Happy Together

ブエノスアイレス [DVD]

ブエノスアイレス [DVD]

ウォン・カーウァイ監督『ブエノスアイレス

 さすがアマゾン。夜中に注文しても翌々日の朝には届く。欲が満たされてちょっと爽快。でもやはり切ない。

 世界で一番切ない映画ってこれじゃないかなあと思う。他を知らないだけだと言われてもね。

 私はこの映画を何度も観ていて、その度に、なんで好きなのに一緒にいれないのかなあ?と思ってきたけれど、今回初めて、なんでこの二人はお互いを愛してるんだろう?と思い、これまでよりもずっと切なくなった。だってその疑問に対する答えなんか無いから。理屈じゃない愛で繋がる者たちを「運命」と呼ぶのに、一緒にいるのは苦しく、離れているのもつらい関係を「腐れ縁」と呼ぶわけで、私たちは男女であれ男同士であれ(おそらく女同士でも)、その二つの境目が分からないから胸が痛むのではないかと思う。この映画の中のファイ(トニー・レオン)もウィン(レスリー・チャン)も、全編通して切なげに見えるのは、両者ともその胸の痛みに苛まれているからだ。そして彼らは男同士だけれども、その「痛み」は普遍的なので、私はこれを世界一切ない映画だと思う。

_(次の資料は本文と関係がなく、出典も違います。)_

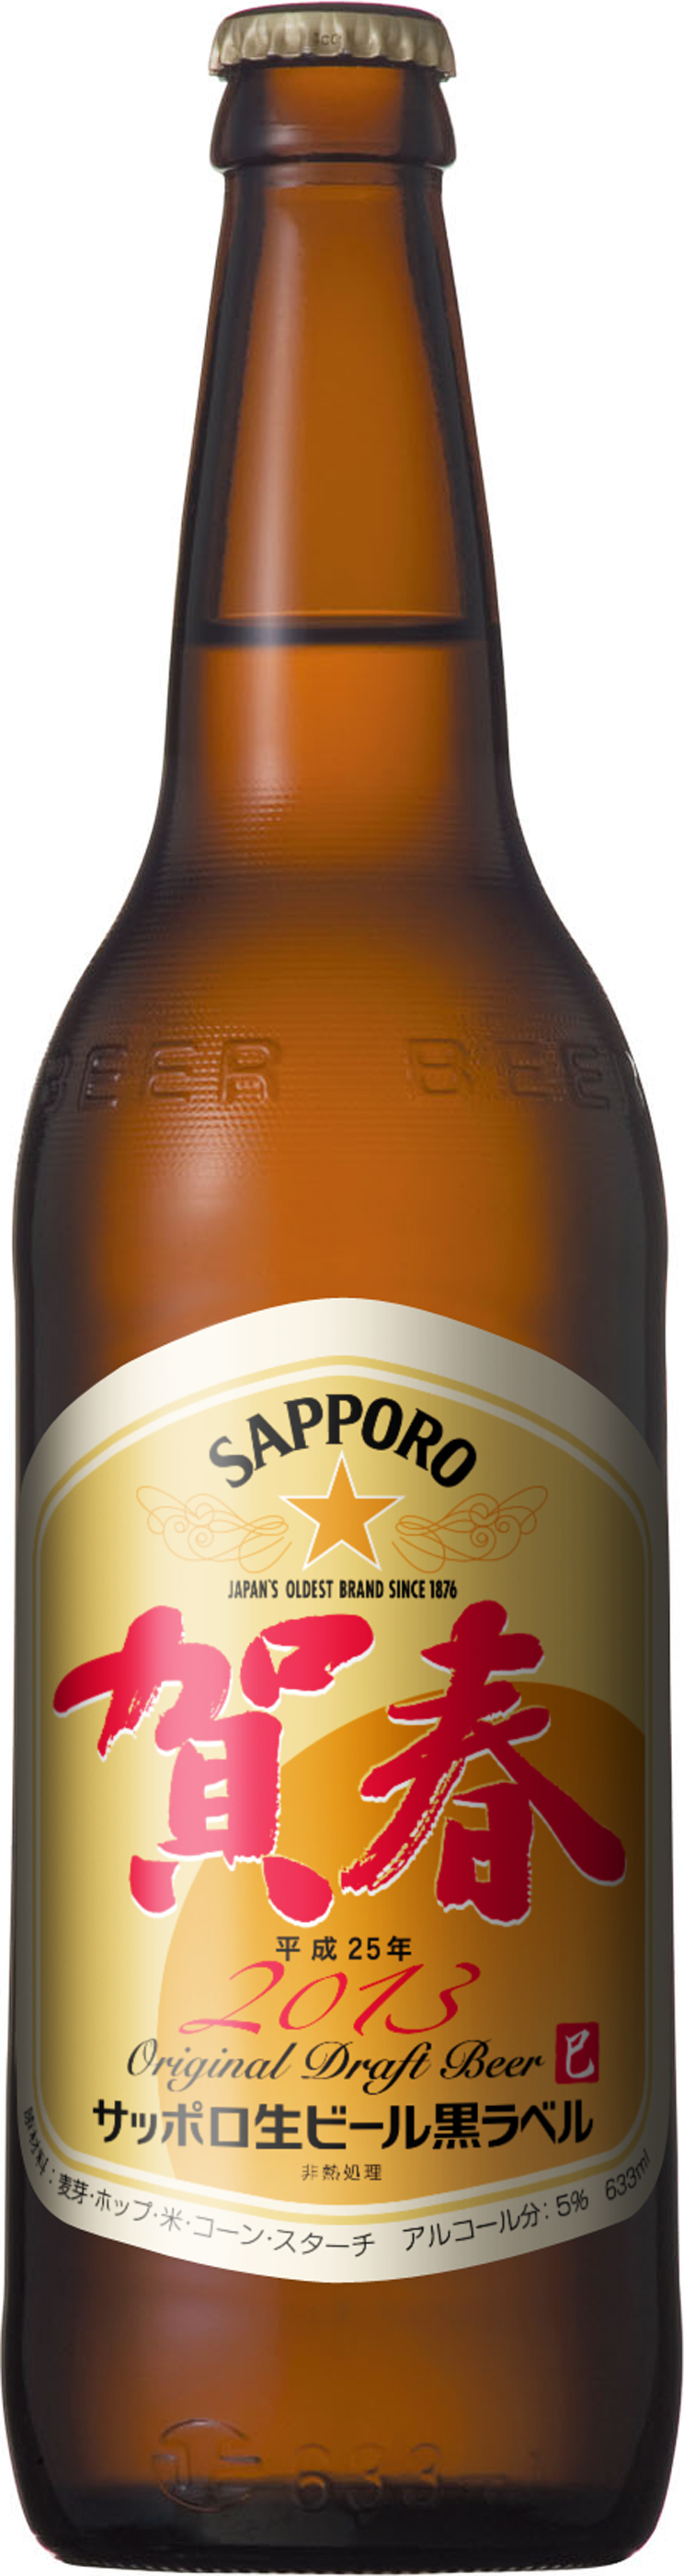 サッポロ生ビール黒ラベル 賀春 発売 ニュースリリース サッポロビール

 ファイとウィンはもう出会うことはないのか?第三の男、チャン(チャン・チェン)のファイに対する想いの正体は?結論が明確にされていないと思っていたけれど何度も観ると、極めて単純な物語であることに気づいた。チャンがゲイであれストレートであれ、ファイは彼の存在によってウィンとの腐れ縁を断ち切る決意をすることができた。もう一度出会ったらまたやり直してしまうかもしれない。彼はウィンにパスポートを返していないしね。でもそれならそれでいい。胸の痛みはもう消えうせたから。ただ英題とエンドタイトルが“Happy Together”なのは意味深かもしれない。まあ、解釈は人それぞれだし、私ももう一度観たら考えが変わるのかも。

 この映画は内容が素晴らしいだけでなく、映像もそれに見合っています。ロードムーヴィーといえばヴィム・ヴェンダーズとジム・ジャームッシュで、彼らはその粒子の粗い、乾いたアメリカの風景に、ヨーロッパの哀愁を漂わせました。ウォン・カーウァイ(及び撮影のクリストファー・ドイル)はそういった典型を踏まえ、モノクロで描いた旅の場面などは思い切りハイコントラストに黒を潰し、白を飛ばしています。しかしカラーはやはり強い陰影でありながら、湿度によって滲んだような風合いになっており、それが良い意味でアジア的なように私には見え、異邦人としてブエノスアイレスで生活する彼らの郷愁のようなものも感じ、重ねがさね切なくなるのです。

 いつどんな時に観ても切なくなるのに、何故かまた観たいと思ってしまう。どこからどうみても素晴らしい映画です。